Este privilegio que debería ser descontinuado, convierte a los consulados dominicanos en Haití como los únicos en el mundo.

Por igual, otros requisitos exigidos por cualquier nación del mundo no se constituyen importantes para el Estado dominicano entregar visados por doquier a los haitianos. Por eso solo en los últimos años se han concedidos mas de un millón de visas de todo tipo a personas cuyo único requisito exigido ha sido disponer de un pasaporte.

Hay que retomar el control

Se hace necesario exigir la presencia física del solicitante y el cumplimiento de requisitos con los cuales se procure que solo a los haitianos de clase media y alta se les conceda el visado de turismo.

De pronto la visa de trabajo debería ser eliminada, hasta tanto la oferta masiva existente pueda insertarse en los espacios formales.
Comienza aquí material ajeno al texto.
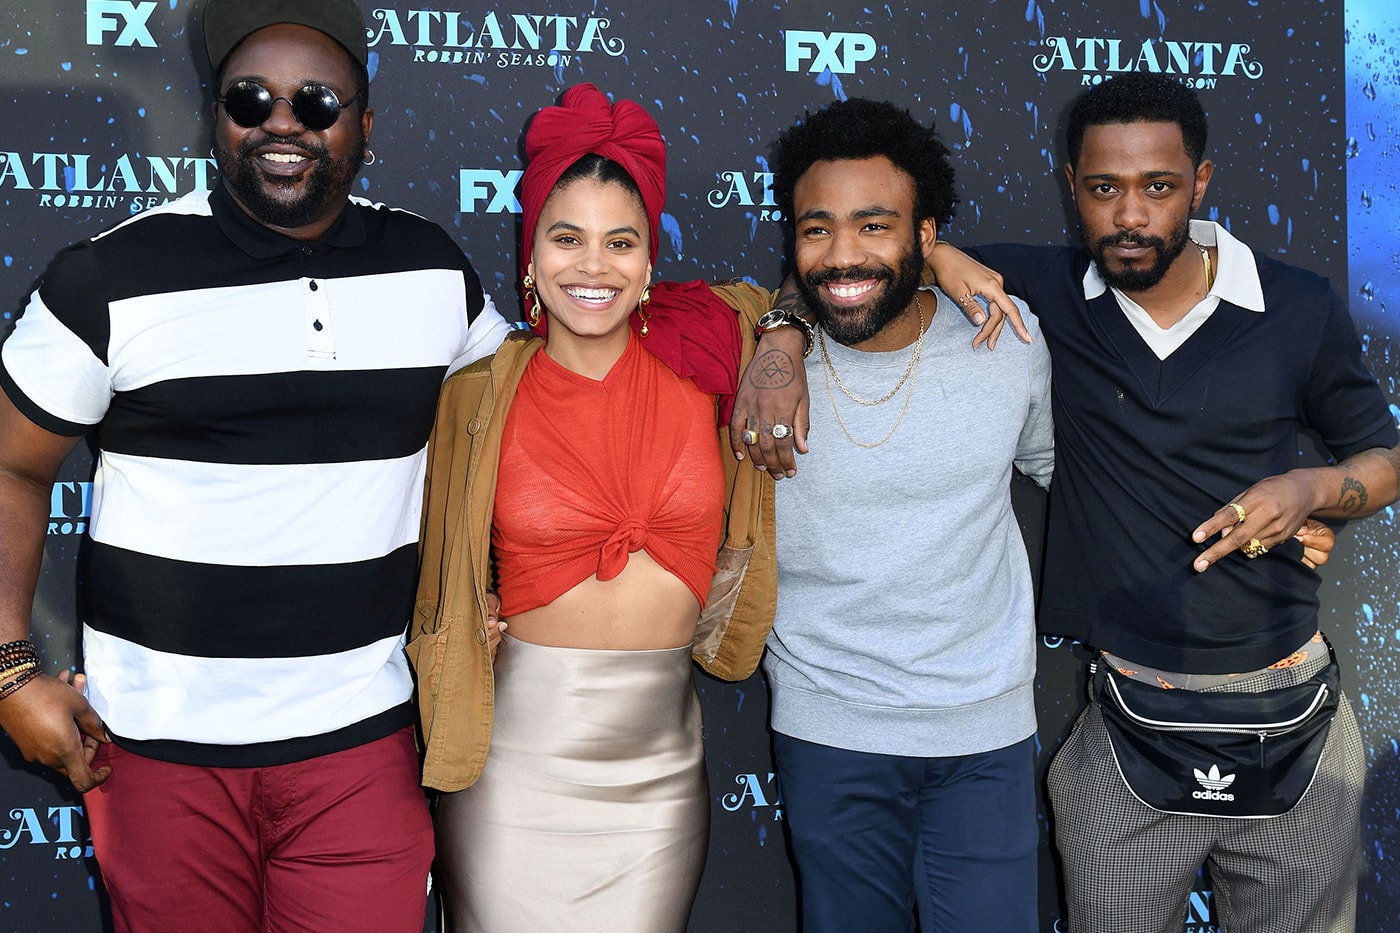 FX donald glover Atlanta Still Scheduled for Early 2022 Release premiere

Si es que llega a insertarse.

Basta ver la enorme cantidad de inmigrantes haitianos que venden todo tipo de cosas en las calles del país. Evidencia contundente de que no han podido conseguir espacios en otras áreas de producción.

Llegó el momento histórico de cambiar todo esto, eso es lo que el pueblo dominicano espera.

Sino lo hacemos, el desborde demográfico que ya afecta a la nación, profundizará las precariedades materiales que podrían hacer invivible la República Dominicana. Ya ocupamos la tercera posición en toda la región como el país con la mayor carga demográfica, a pesar de que mas de dos millones de dominicanos han emigrado hacia otros países en las últimas décadas. Que de haberse estos mantenidos en el país, y tenido sus vástagos en territorio nacional, hoy esta pequeña nación situada en el mismo trayecto del sol, como una vez dijo el gran poeta Pedro Mir, hubiese colapsado.

Por eso parte del Plan Imperial Norteamericano ha sido conceder facilidades migratorias a los dominicanos en procura de «desahogar» la isla. De esto hay evidencia contundente en archivos oficiales del Congreso de los Estados Unidos. Mientras por otro lado presionan a la clase política nacional para evitar las necesarias deportaciones. Todo esto en lo que crean condiciones mas favorables para la legalización masiva de todo inmigrante haitiano ilegal que reside en el país.

Para evitar todo esto, el Estado dominicano debe poner en marcha su propia estrategia. Cuyo fundamento debe girar en torno a la narrativa de la total inviabilidad de la comunión armónica entre dos pueblos históricamente antagónicos y con diferencias culturales marcadas. Esa es la gran realidad, por mas que los organismos internacionales y las grandes potencias, haciendo uso de herramientas y tácticas sutiles, pretendan desmontar. Porque como dijo el patricio Juan Pablo Duarte o independientes o que se hunda la isla.